Simple templating program to generate plain text (like config files) from name-value pairs.

Lets you create text files from templates in a versatile way. It’s designed with easy operation from the command line or scripts, Makefiles, etc. in mind. You can make use of several third party templating engines like mako or empy as well as simple built-in ones.

Installation

from a git repository into a virtualenv

This is a good approach if you work on the repository and want to test the changes.

Install eztemplate

$ git clone https://github.com/blubberdiblub/eztemplate.git
$ cd eztemplate                    # change into the cloned repository
$ virtualenv venv                  # create a new environment in a subdirectory
$ . venv/bin/activate              # switch to virtualenv (important)
$ pip install .                    # just specify the directory to install from
$ eztemplate --version             # check if the correct version was installed

Upgrade eztemplate

$ git pull                         # pull latest commits from remote repository
$ . venv/bin/activate              # switch to virtualenv (if not there already)
$ pip install --upgrade --force-reinstall . # force upgrade eztemplate
$ eztemplate --version             # check if the correct version was installed

from PyPI as system command

Install eztemplate

$ pip install eztemplate           # install eztemplate from PyPI
$ eztemplate --version             # check if the correct version was installed

Upgrade eztemplate

$ pip install --upgrade eztemplate # upgrade eztemplate from PyPI
$ eztemplate --version             # check if the corrent version was installed

Usage

Getting quick help

Use the help option:

$ eztemplate --help

You can also call the package explictly with Python (and thereby choose which Python installation to use):

$ python -m eztemplate --help

Running without arguments

When you run eztemplate without arguments, it will expect a template on standard input, possibly waiting forever:

$ eztemplate
Hello, world!
<Ctrl-D>
Hello, world!
$

On __*ix__ terminals you can manually cause an end of file by pressing Ctrl-D.

Quick demonstration

You can check that substitution is working by piping a template into the program and specifying a name-value pair (make sure to protect the string with single quotes, otherwise the shell believes you want to substitute a shell variable, replacing it by an empty string):

$ echo 'Hello, $entity.' | eztemplate entity=world
Hello, world.
$

When you’re calling eztemplate from a script or similar - i. e. non-interactively - you should specify everything as explicitly as possible (in particular all input files or stdin as well as name-value pairs) and refrain from using positional arguments. Everything can be specified using options, which avoids ambiguities:

$ echo 'Hello, $entity.' | eztemplate --stdin --arg entity=world
Hello, world.
$

Templating engines

eztemplate supports several templating engines. You select the one you want to use with the -e or --engine option.

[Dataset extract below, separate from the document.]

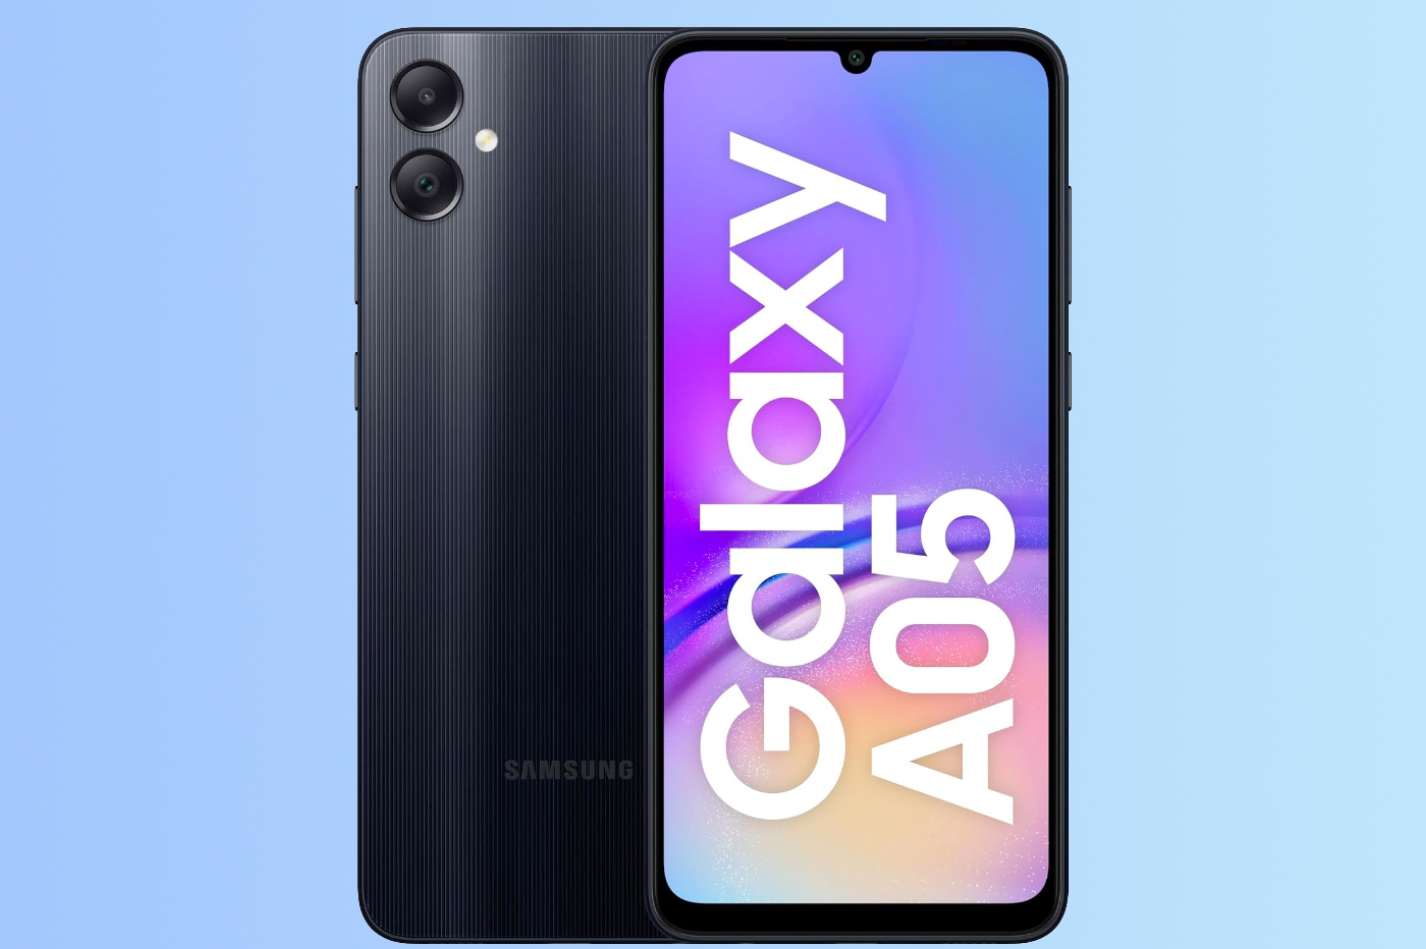 Samsung Galaxy A05 under rs 10000 with 50 megapixel camera
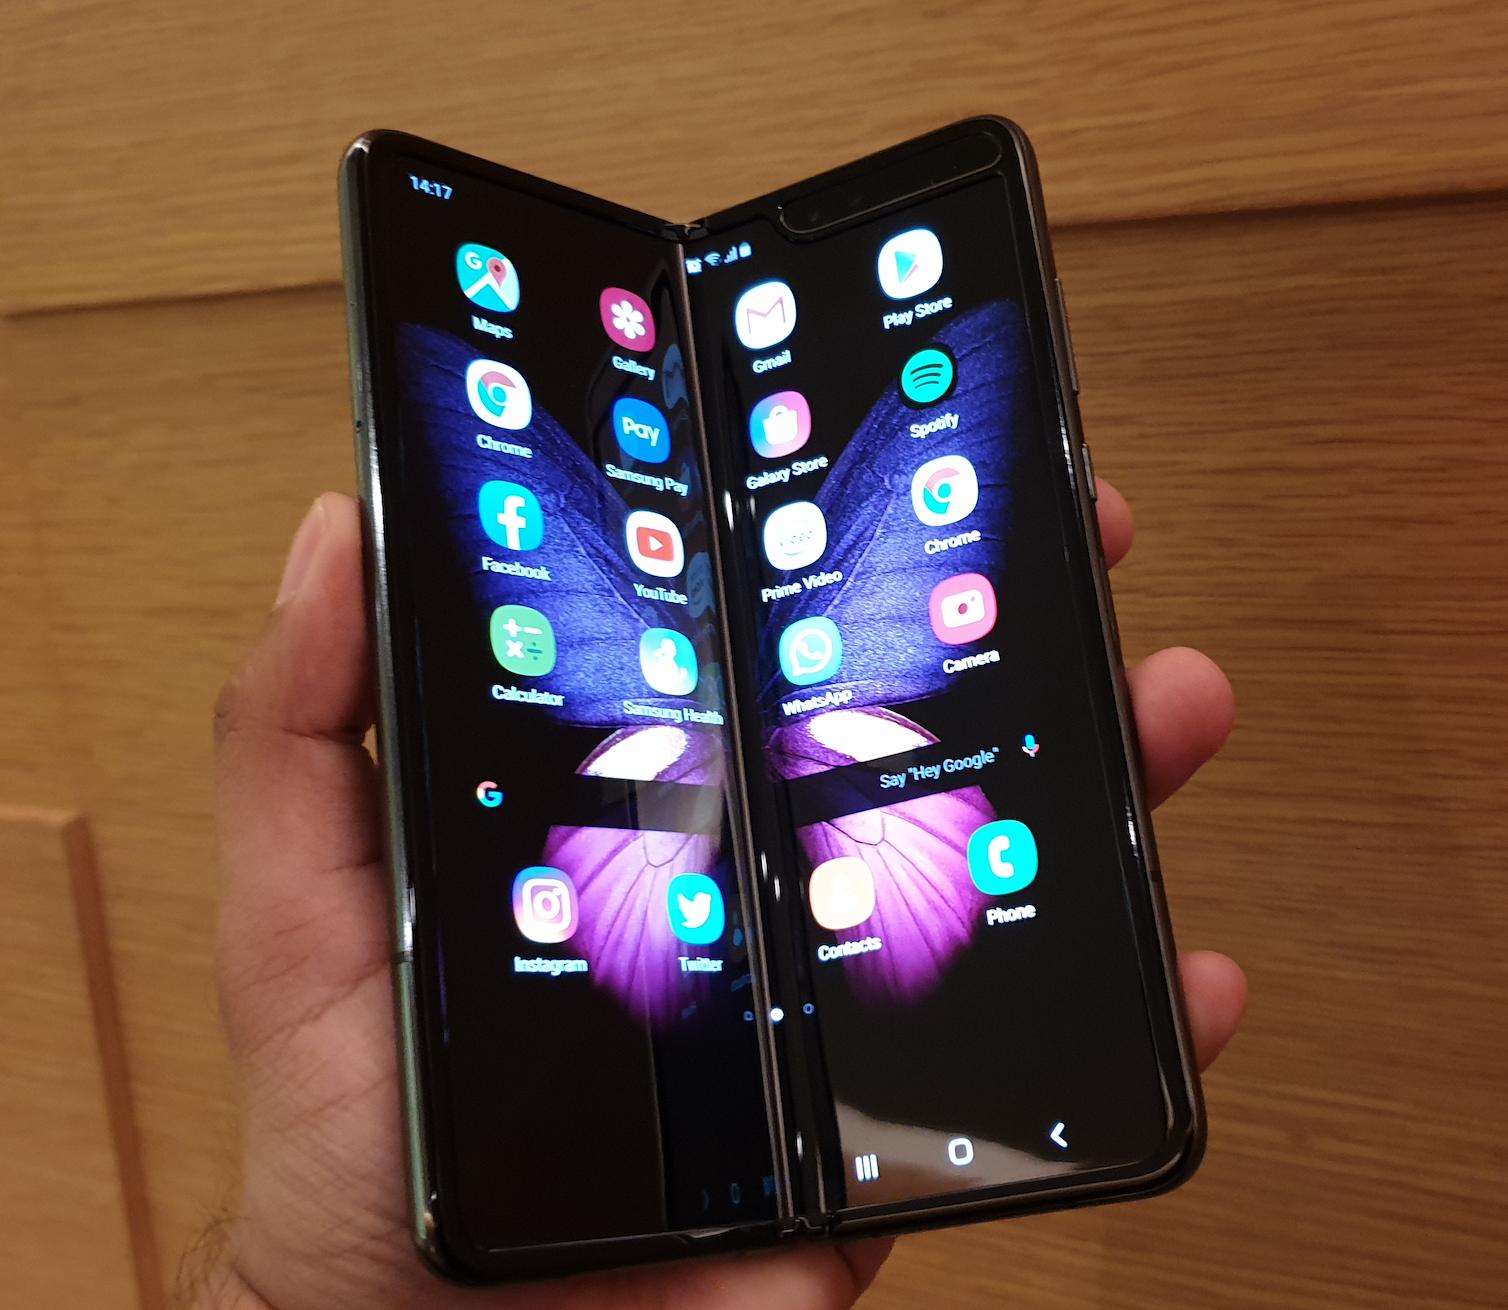 World’s first foldable smartphone, Samsung Galaxy Fold, launches in

Specifying help instead of a name will list all currently available engines:

$ eztemplate -e help
Available templating engines:
  empy             -  Empy templating engine.
  mako             -  Mako templating engine.
  string.Template  -  String.Template engine.
$

Engines missing the required packages, modules or libraries will not be displayed. For instance to be able to use the mako or the empy engine, you need to have the respective python packages installed and working.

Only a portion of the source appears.